= Robert Denham =

American businessman (1945–2025)

Robert Edwin Denham (August 27, 1945 – March 15, 2025) was an American lawyer known for crisis management at struggling companies. Denham worked with Warren Buffett to reform Salomon Brothers and prevent its insolvency after a bids-rigging scandal. He continued as chairman and CEO of the firm until a $9 billion sale to Travelers Group.

==Biography==

Denham was born on August 27, 1945, in Dallas. He was raised in Abilene.

He graduated magna cum laude from the University of Texas and received a Juris Doctor degree from the Harvard Law School and an M.A. in government from the John F. Kennedy School of Government at Harvard University.

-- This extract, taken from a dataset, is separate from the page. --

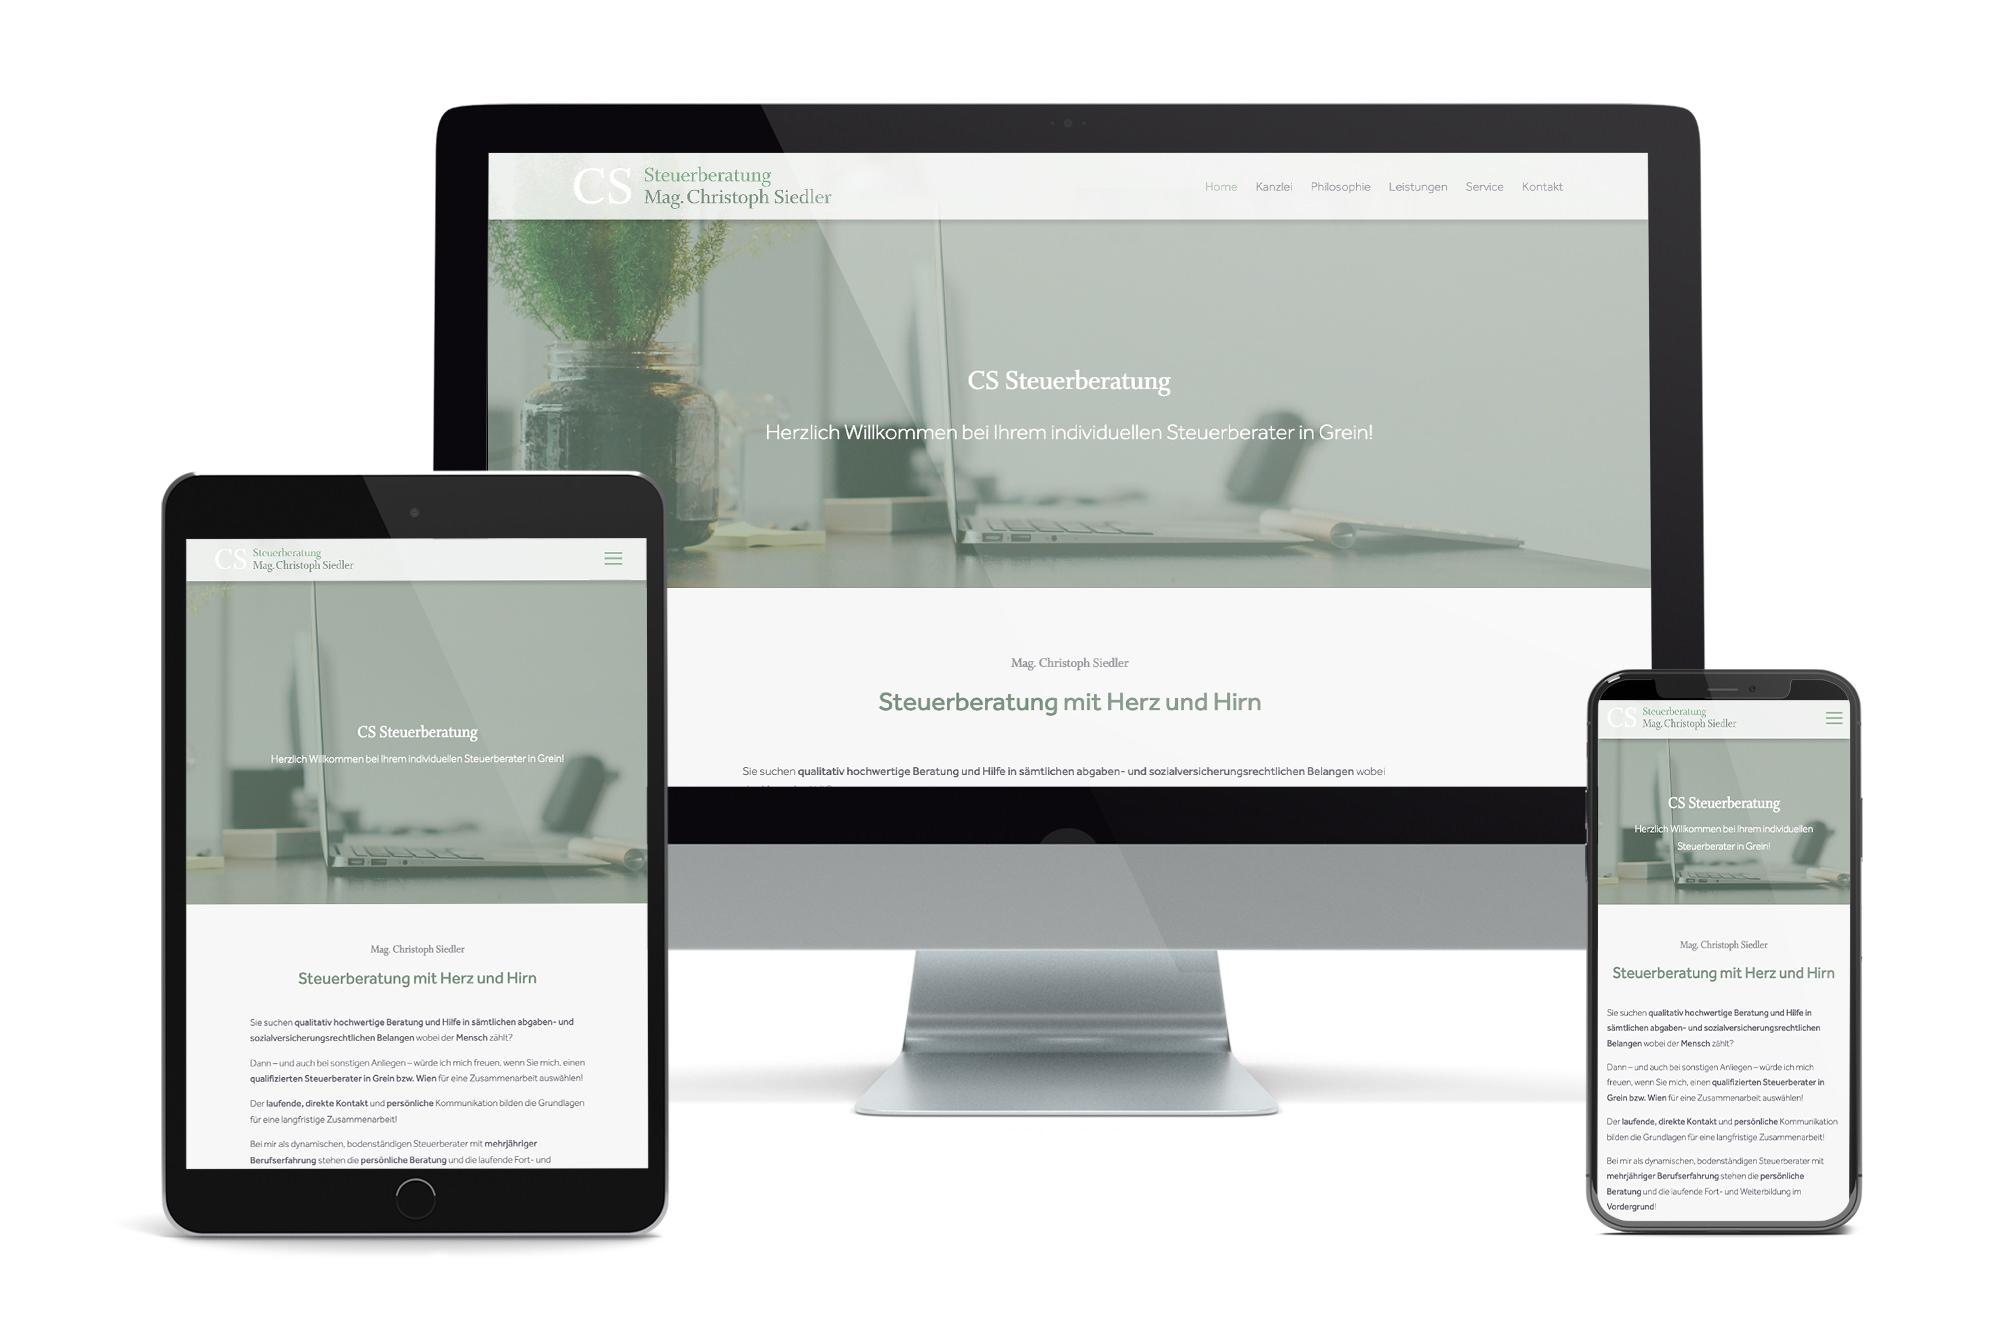 Webdesign Beispiel: Neue Website für Steuerberater in Grein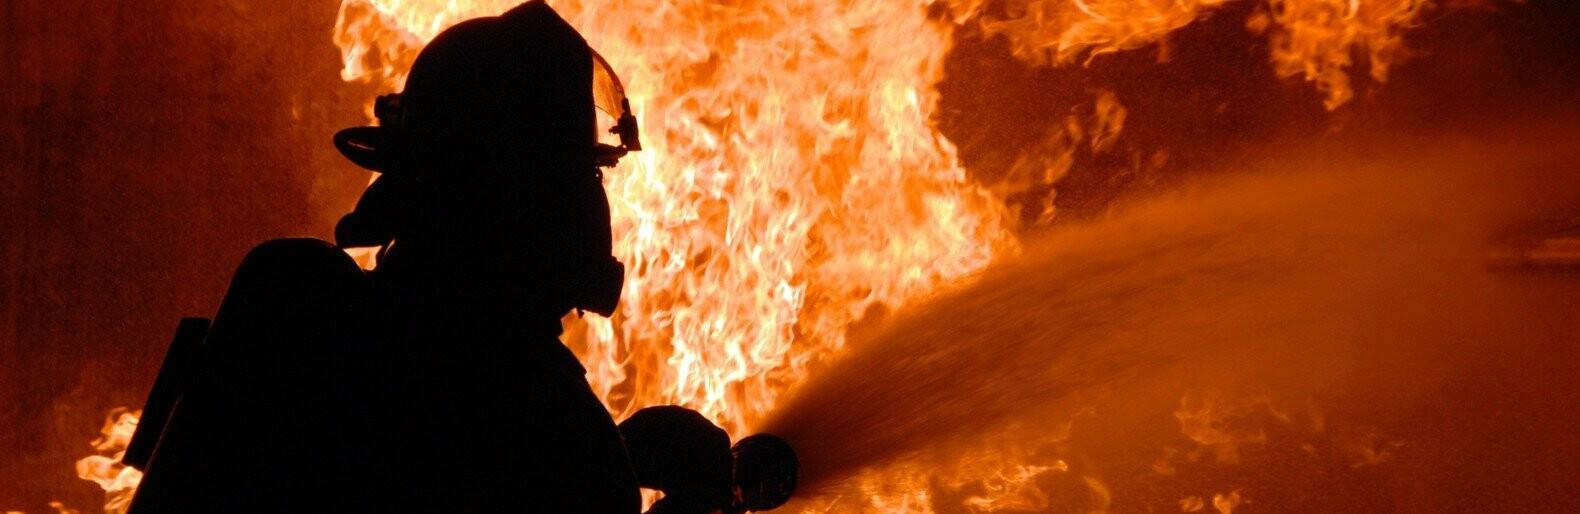 Пожарные спасли дворника из горящего помещения0

He was a partner in the law firm Munger, Tolles & Olson from 1973 to 1991, and again from 1998. He was chief executive officer of Salomon Brothers from 1992 to 1997. He was on the board of directors of the New York Times Company, Oaktree Capital Management, UGL, FEMSA and Chevron Corporation.

He was chairman of the John D. and Catherine T. MacArthur Foundation and vice chairman of the Good Samaritan Hospital of Los Angeles. He was a trustee of the James Irvine Foundation, the New Village Charter High School and the Russell Sage Foundation.

He died of cancer on March 15, 2025.